Entries taken from a collection
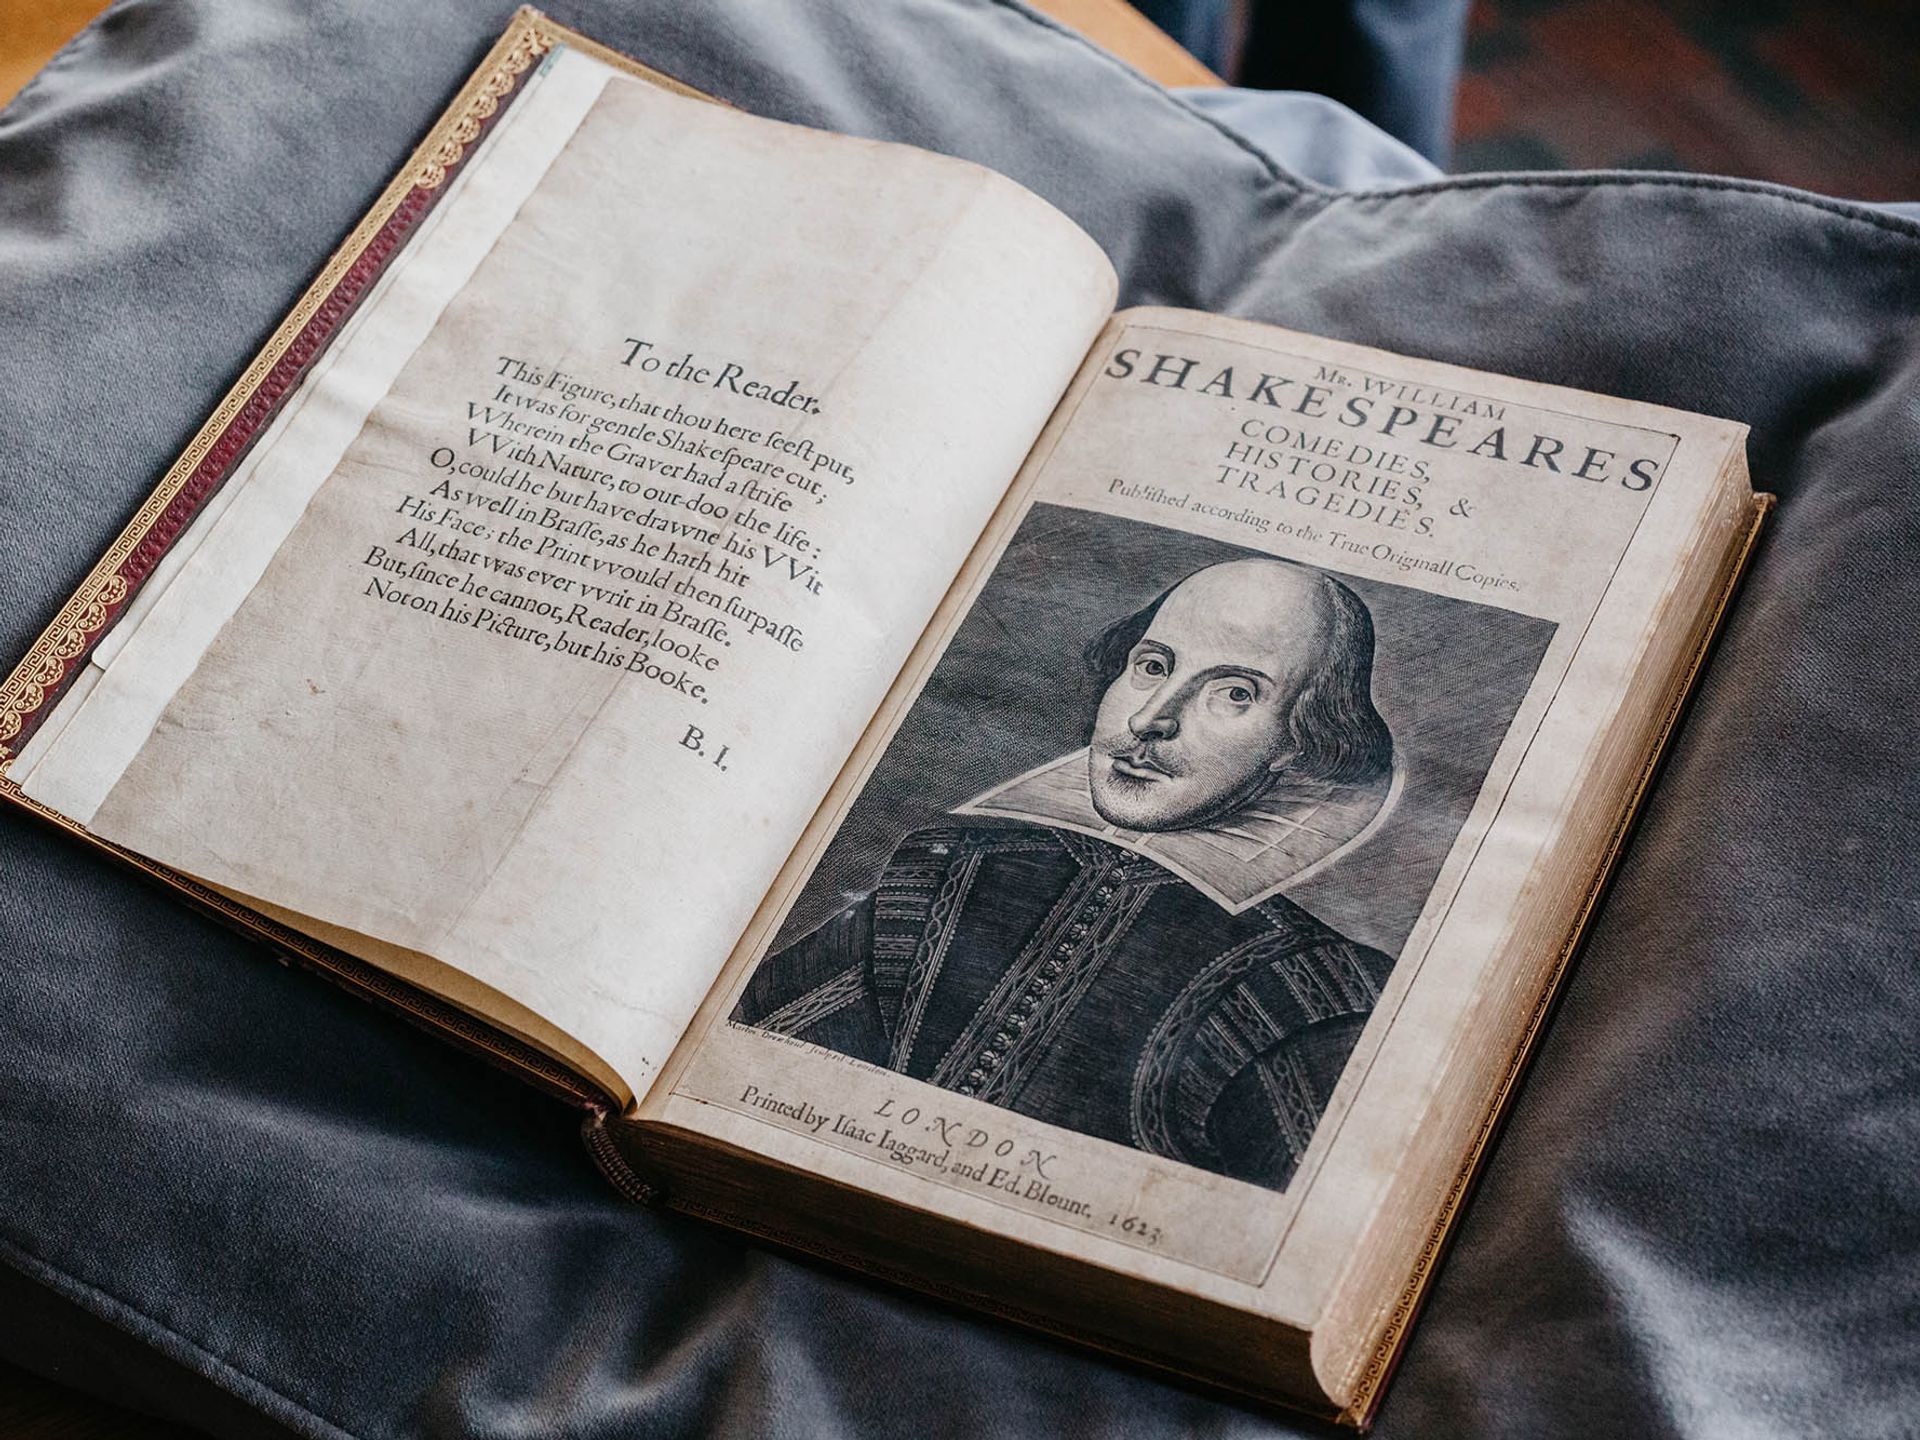 ה-First Folio שזה עתה נרכש עם הקומדיות והטרגדיות של ויליאם שייקספיר (1623)

באדיבות ספריית אוניברסיטת קולומביה הבריטית, ונקובר
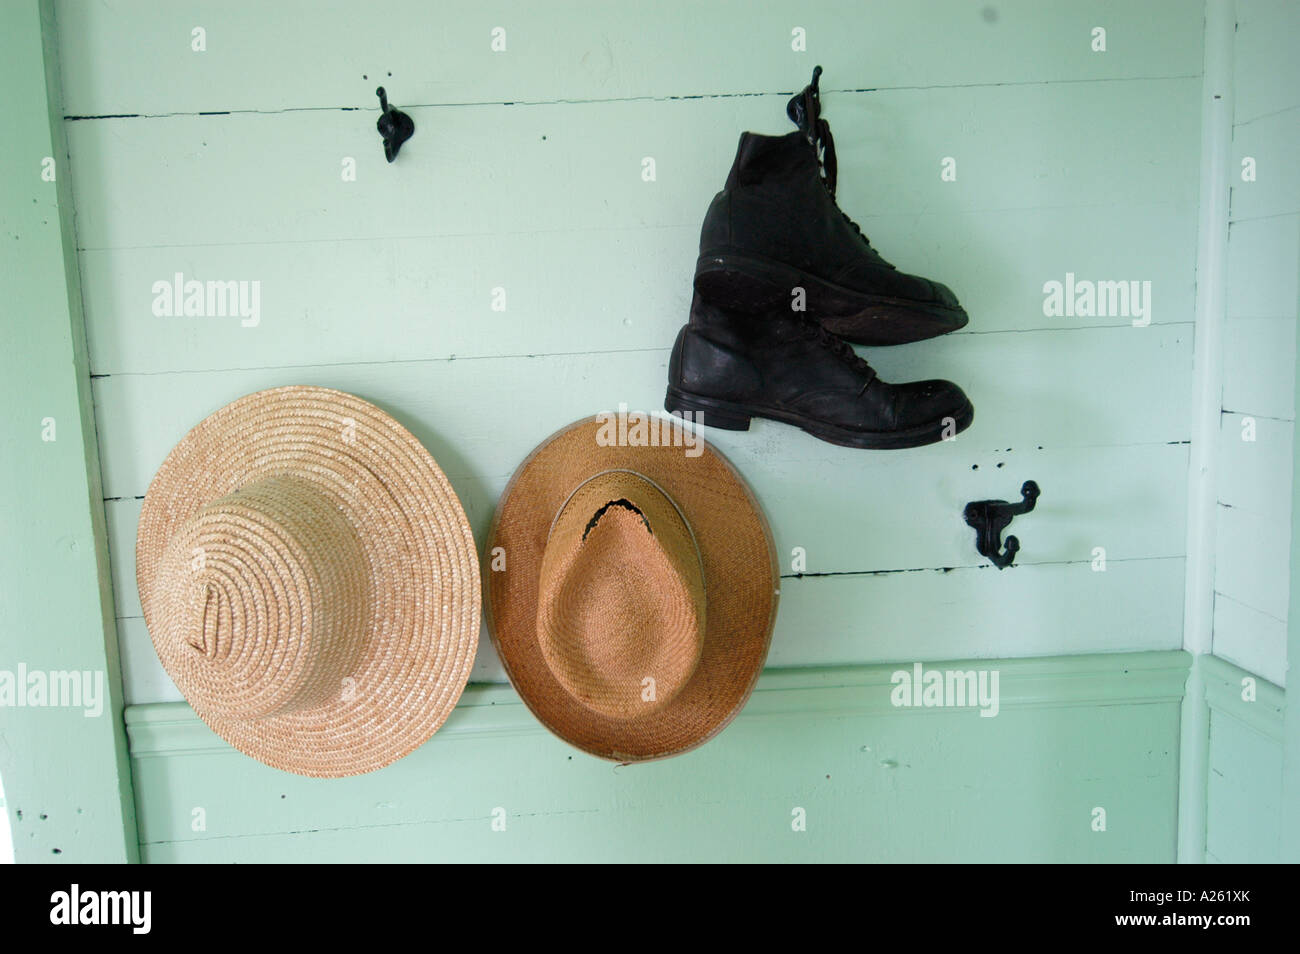 Bauern Stroh Hut aufhängen an einem Haken neben ein paar Schuhe  Stockfotografie - Alamy
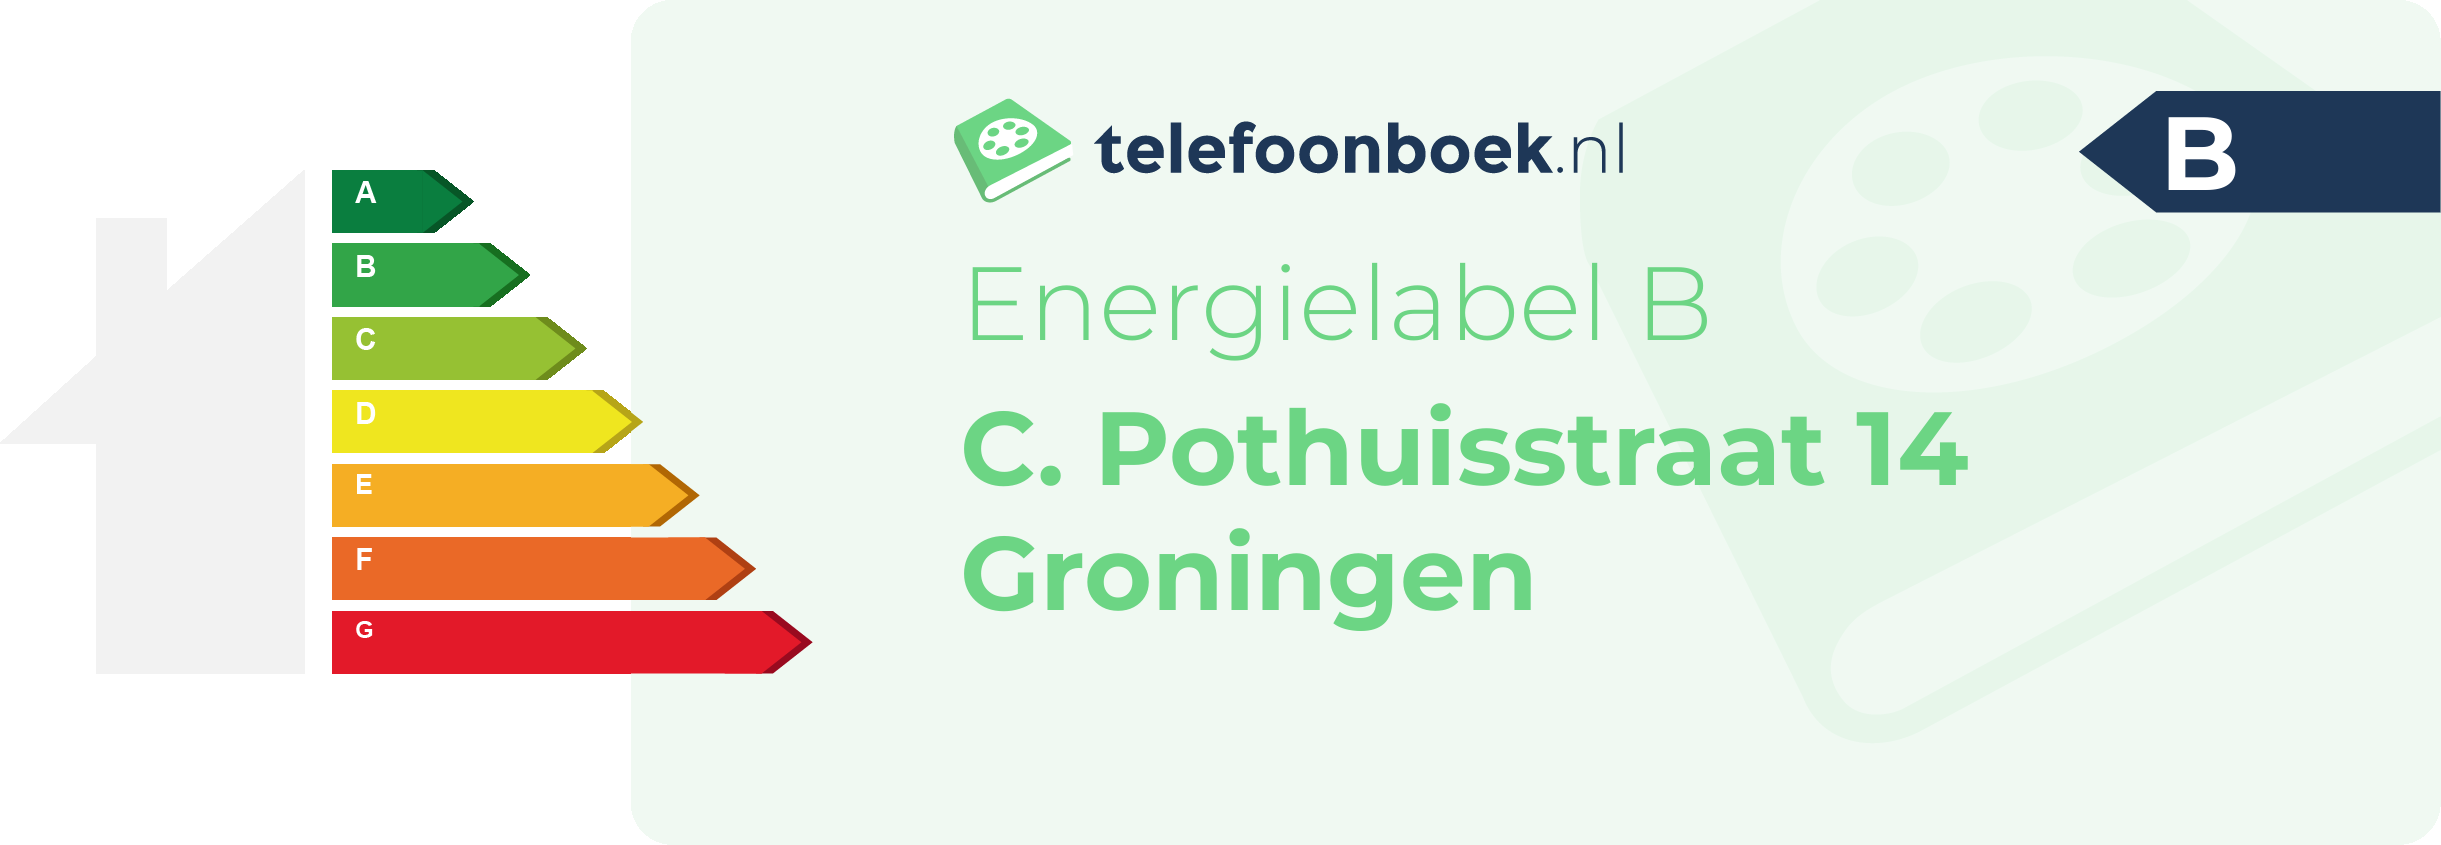 Energielabel C. Pothuisstraat 14 Groningen
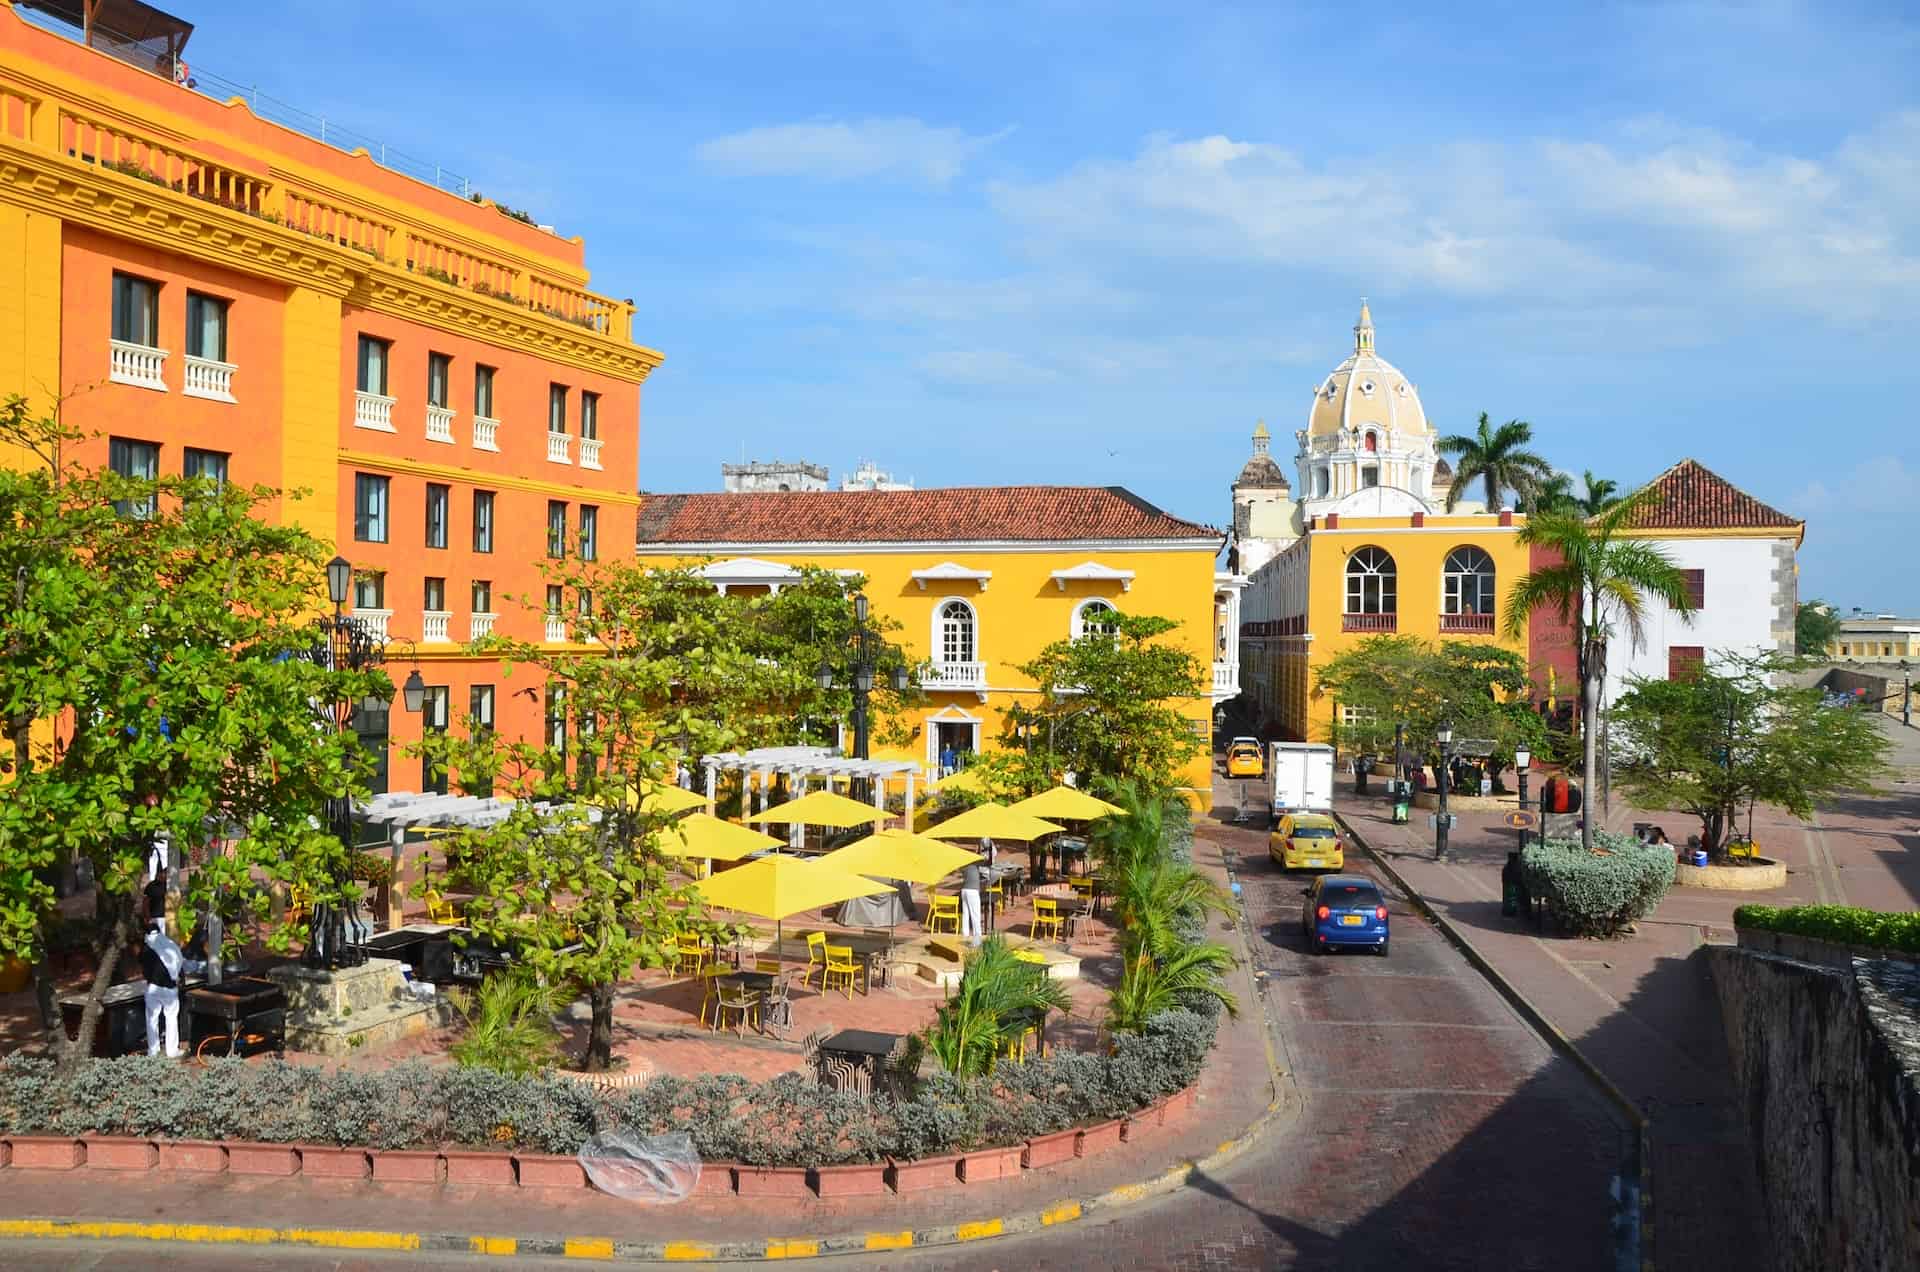 Plaza de Santa Teresa in El Centro, Cartagena, Colombia

**Action item**
Only one thing is required here: an exact copy of the lines from the one bearing "Bauern Stroh Hut" through the final line above, both included, with pictures left out.

**Answer space**
 Bauern Stroh Hut aufhängen an einem Haken neben ein paar Schuhe  Stockfotografie - Alamy
 Energielabel C. Pothuisstraat 14 Groningen
 Plaza de Santa Teresa in El Centro, Cartagena, Colombia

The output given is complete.